Higher Education as a human right: Perspectives from youth and Special Rapporteur
Participant: Koumbou Boly-Barry, UN Special Rapporteur on the Right to Education
Youth perspectives on higher education as a human right: Kenisha Arora, UNESCO’s Youth Representative for North America and Europe through the SDG4 Youth Network; Eva Papalicolaqui, coordinator of the Sustainable Development Solutions Network (SDSN) Hub, Athens University of Economics and Business; Eréndira Rodríguez de León, Founder of the social initiative ADUX: Leaders for Education, México.
Moderator: Emma Sabzalieva, Head of Higher Education Research and Policy Analysis at UNESCO IESALC
- Everyone has the right to education. Not only early childhood, primary or secondary education but the right to lifelong education.
- Teaching must be flexible to adapt to the needs and demands of the society they serve
- It is not possible to talk about HE without addressing academic and research freedom. Academic freedom and scientific activities need to be implemented by institutions.
- To be autonomous is to enjoy independence and to make decisions compatible with the public control system.
- Knowledge needs to be culturally contextual and accessible
- HE is a common good, science as a common good
- Special protective measures need to be put in place for refugee students (of ethnic and foreign origin, for example displaced students in Ukraine).
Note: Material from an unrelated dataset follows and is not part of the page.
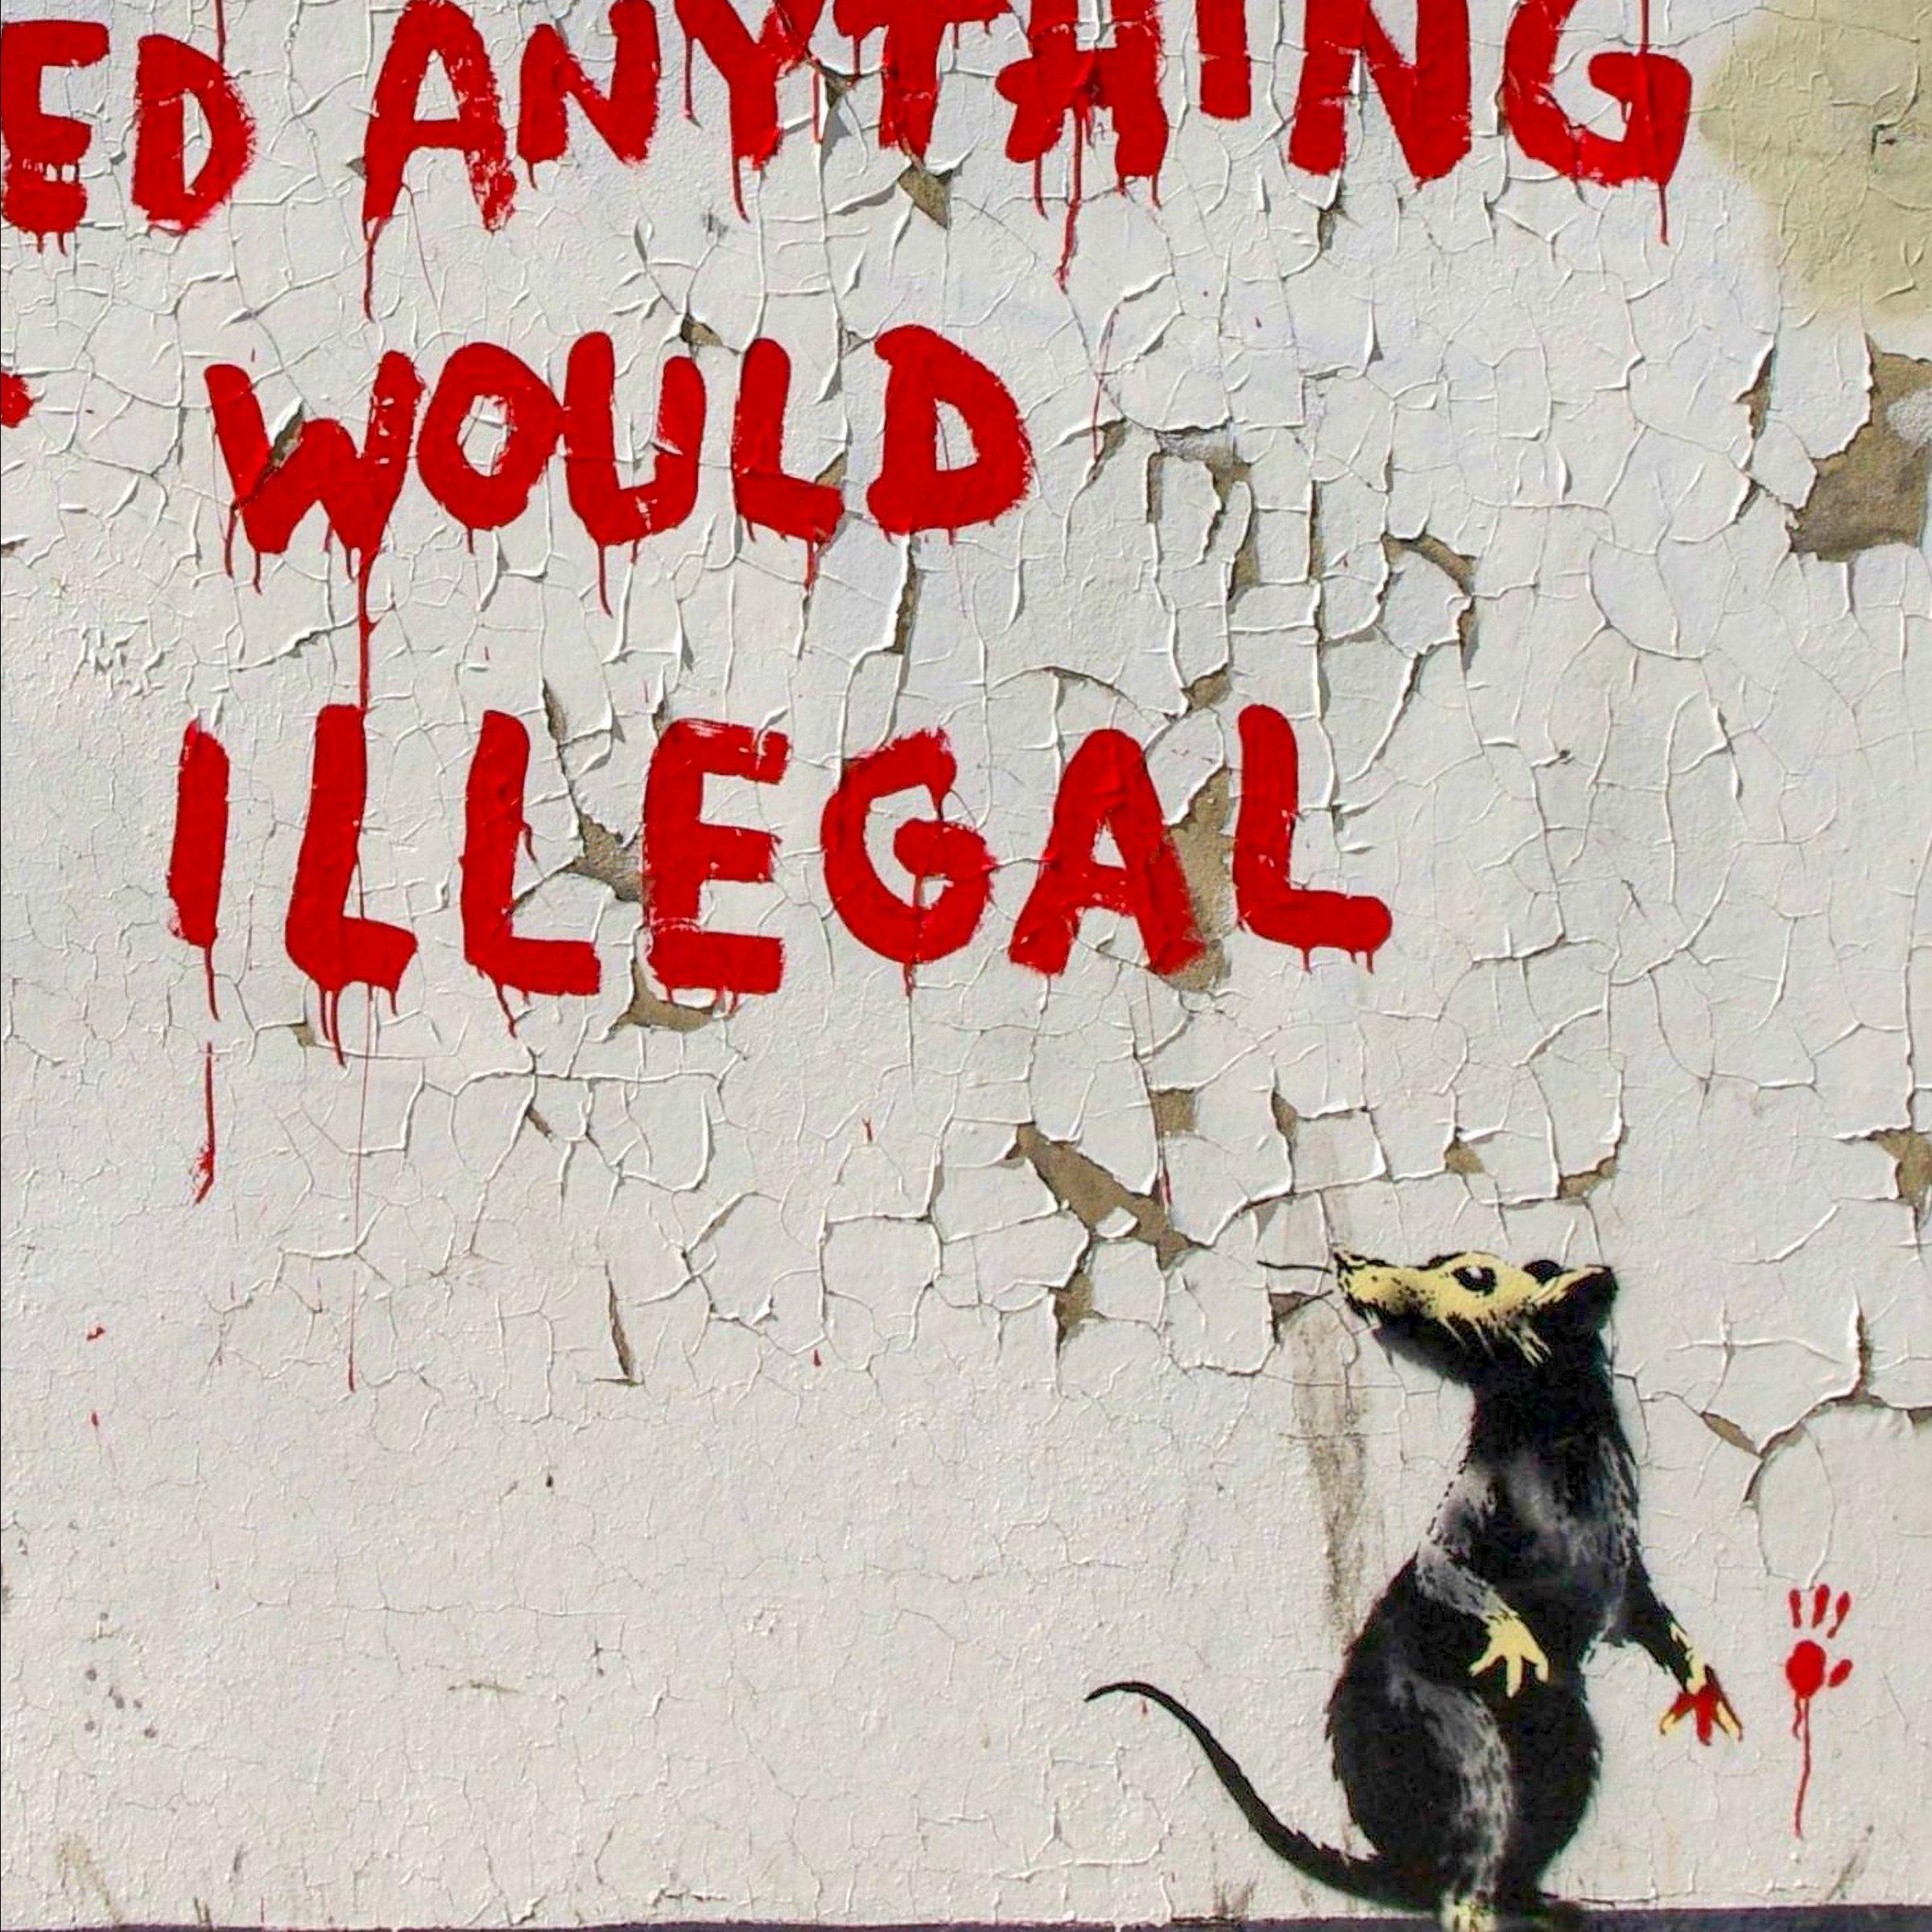 Banksy - If Graffiti Changed Anything It Would Be Illegal Wall Art Canvas - SharpWallArts

- Access to quality public HE as a fundamental human right
- Governments prioritize primary and secondary education, often forgetting HE.
- Digitalization of HE shrinks the space for data protection of users, especially students.
- Ethical questions on funding source vs accountability of the university to the public and research.
- Corruption is an obstacle for better funding of public HE
- Listen to youth – include them in policy making
- Governments don’t want to spend their money on HE therefore they want to encourage the private sector to fill that gap and that can be very damaging to research. This also leads to the commercialization of higher education.
- We need to think about the rights that we have when we navigate online spaces, especially now that online education is so widespread.
- 1 in 3 students are bullied in HE and there is no law protecting them from violence.
- It’s not only about student well-being when it comes down to the basics of safety.
- HE should emphasize leadership skills and community service so that the students will have a positive social impact in their communities. Enhance leadership towards social work.
- There is no point in having all the laws and protocols if we don’t act.